Structural insights into ubiquitin chain cleavage by Legionella ovarian tumor deubiquitinases

Abstract

Although ubiquitin is found only in eukaryotes, several pathogenic bacteria and viruses possess proteins that hinder the host ubiquitin system. Legionella, a gram-negative intracellular bacterium, possesses an ovarian tumor (OTU) family of deubiquitinases (Lot DUBs). Herein, we describe the molecular characteristics of Lot DUBs. We elucidated the structure of the LotA OTU1 domain and revealed that entire Lot DUBs possess a characteristic extended helical lobe that is not found in other OTU-DUBs. The structural topology of an extended helical lobe is the same throughout the Lot family, and it provides an S1' ubiquitin-binding site. Moreover, the catalytic triads of Lot DUBs resemble those of the A20-type OTU-DUBs. Furthermore, we revealed a unique mechanism by which LotA OTU domains cooperate together to distinguish the length of the chain and preferentially cleave longer K48-linked polyubiquitin chains. The LotA OTU1 domain itself cleaves K6-linked ubiquitin chains, whereas it is also essential for assisting the cleavage of longer K48-linked polyubiquitin chains by the OTU2 domain.
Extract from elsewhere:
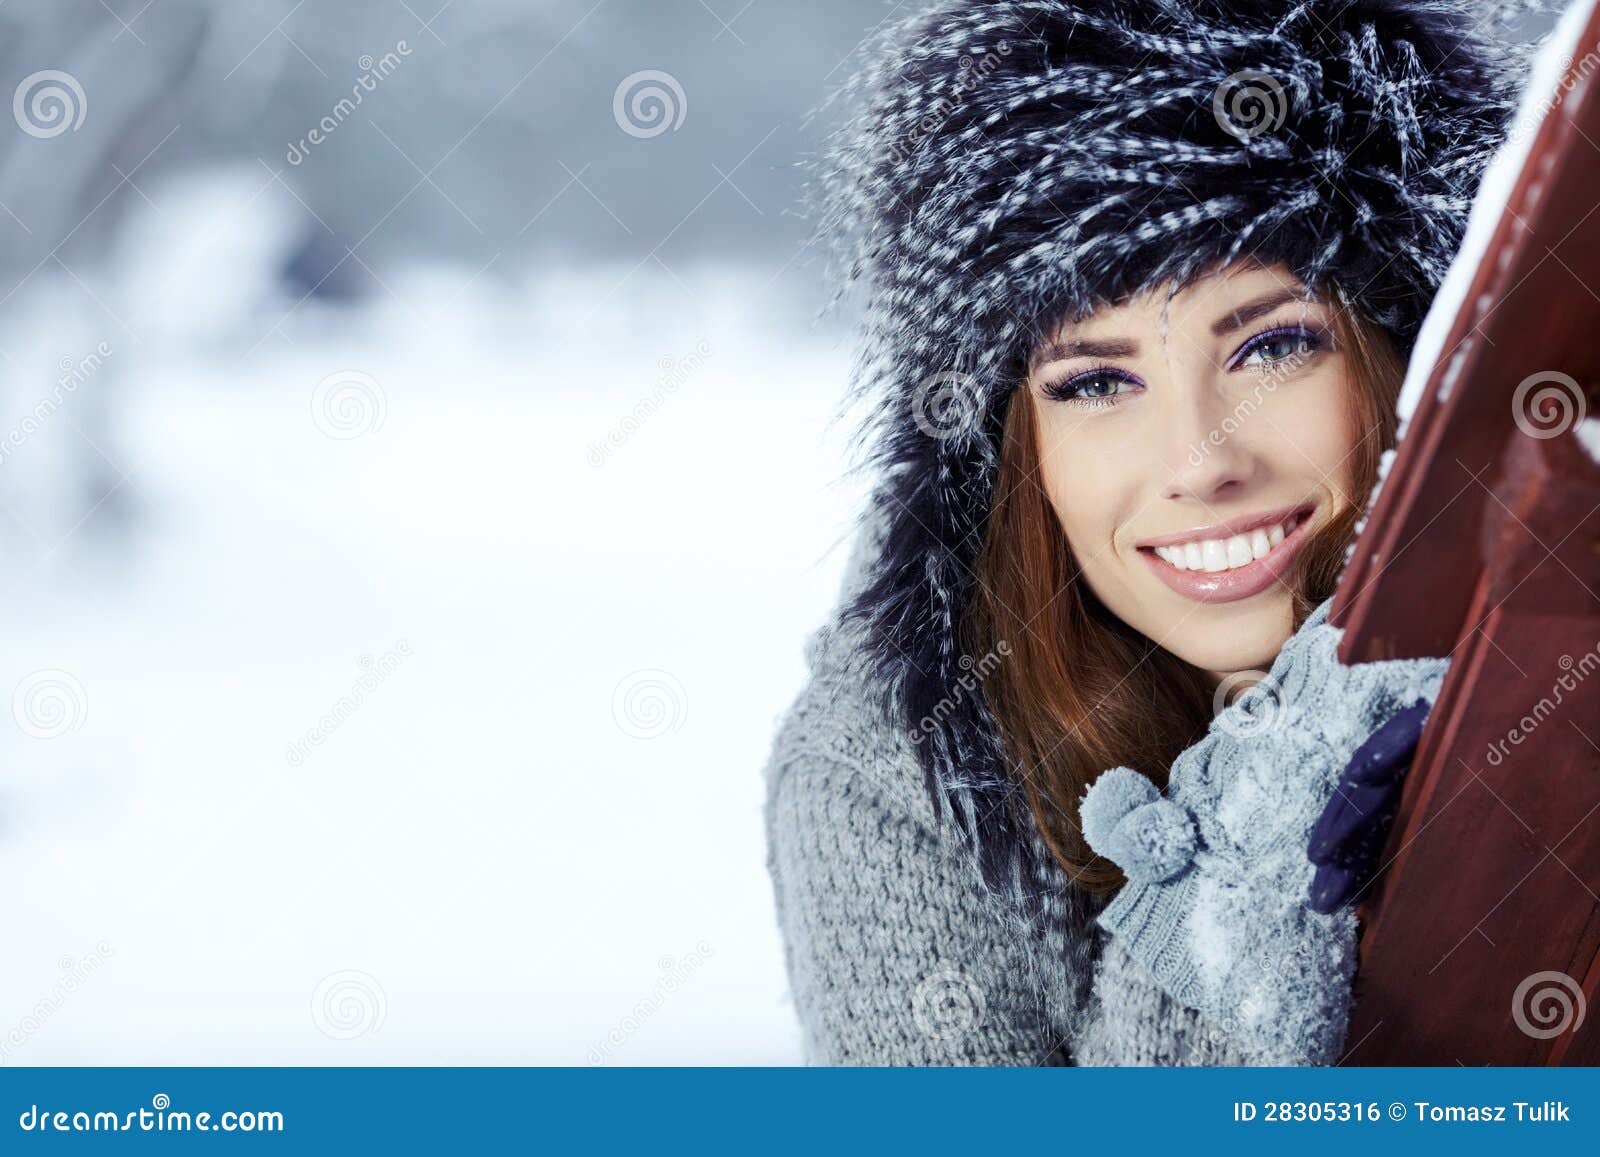 Brunette Girl I Winter Clothes Stock Photo - Image of funny, blue: 28305316

Thus, this study provides novel insights into the structure and mechanism of action of Lot DUBs.

Figure 1.. Deubiquitinase activities of both OTU domains of LotA.
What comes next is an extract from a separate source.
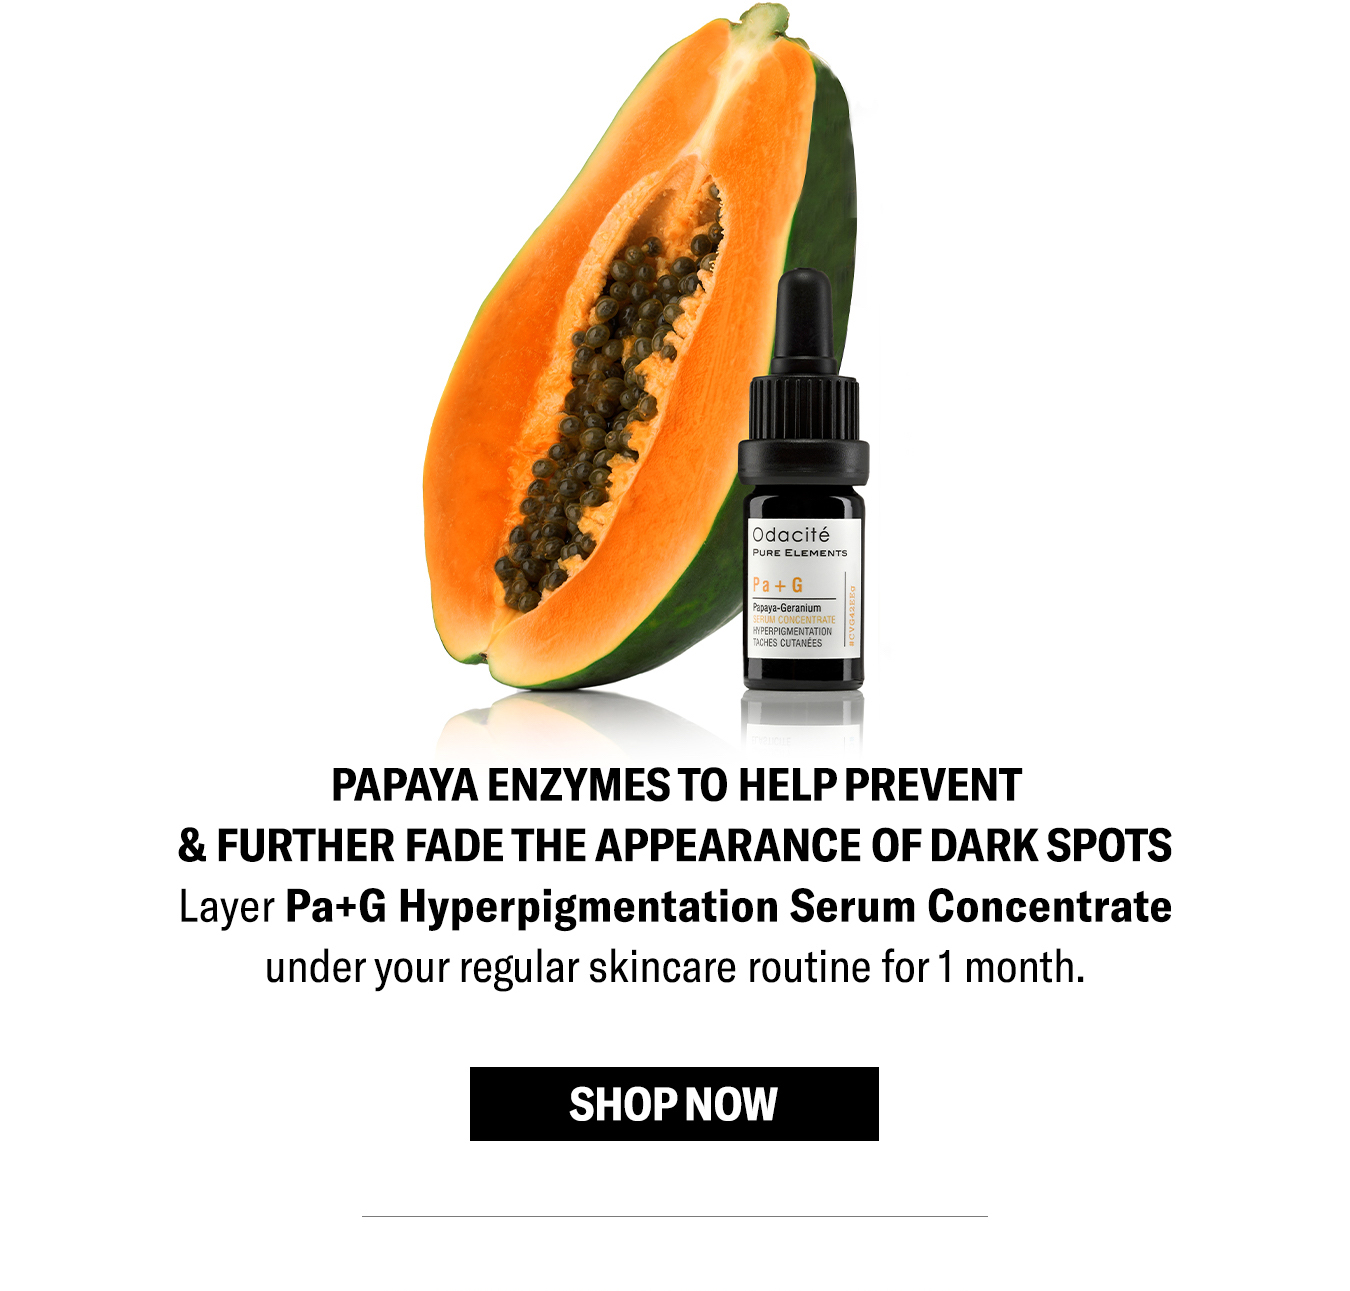 Papaya Enzymes to help prevent & further fade the appearance of dark spots.

(A) Schematics of L. pneumophila LotA domain architecture. LotA comprises two OTU domains (LotA OTU1 and LotA OTU2). Catalytic cysteines of each OTU domain are labeled. (B) Diubiquitin cleavage assay by LotA OTU1 (LotA_7–290) against eight different diubiquitin linkages. Reactions were quenched at the indicated time-points and analyzed on SDS–PAGE with silver staining. (C) Diubiquitin cleavage assay by LotA OTU2 (LotA_294–544) against eight different diubiquitin linkages. Reactions were quenched at the indicated time-points and analyzed on SDS–PAGE with silver staining. (D) Diubiquitin cleavage assay by LotA OTU1_OTU2 (LotA_7–544) against eight different diubiquitin linkages. Reactions were quenched at the indicated time-points and analyzed on SDS–PAGE with silver staining. Source data are available for this figure.

Figure S1.. Deubiquitinase activities of LotA constructs.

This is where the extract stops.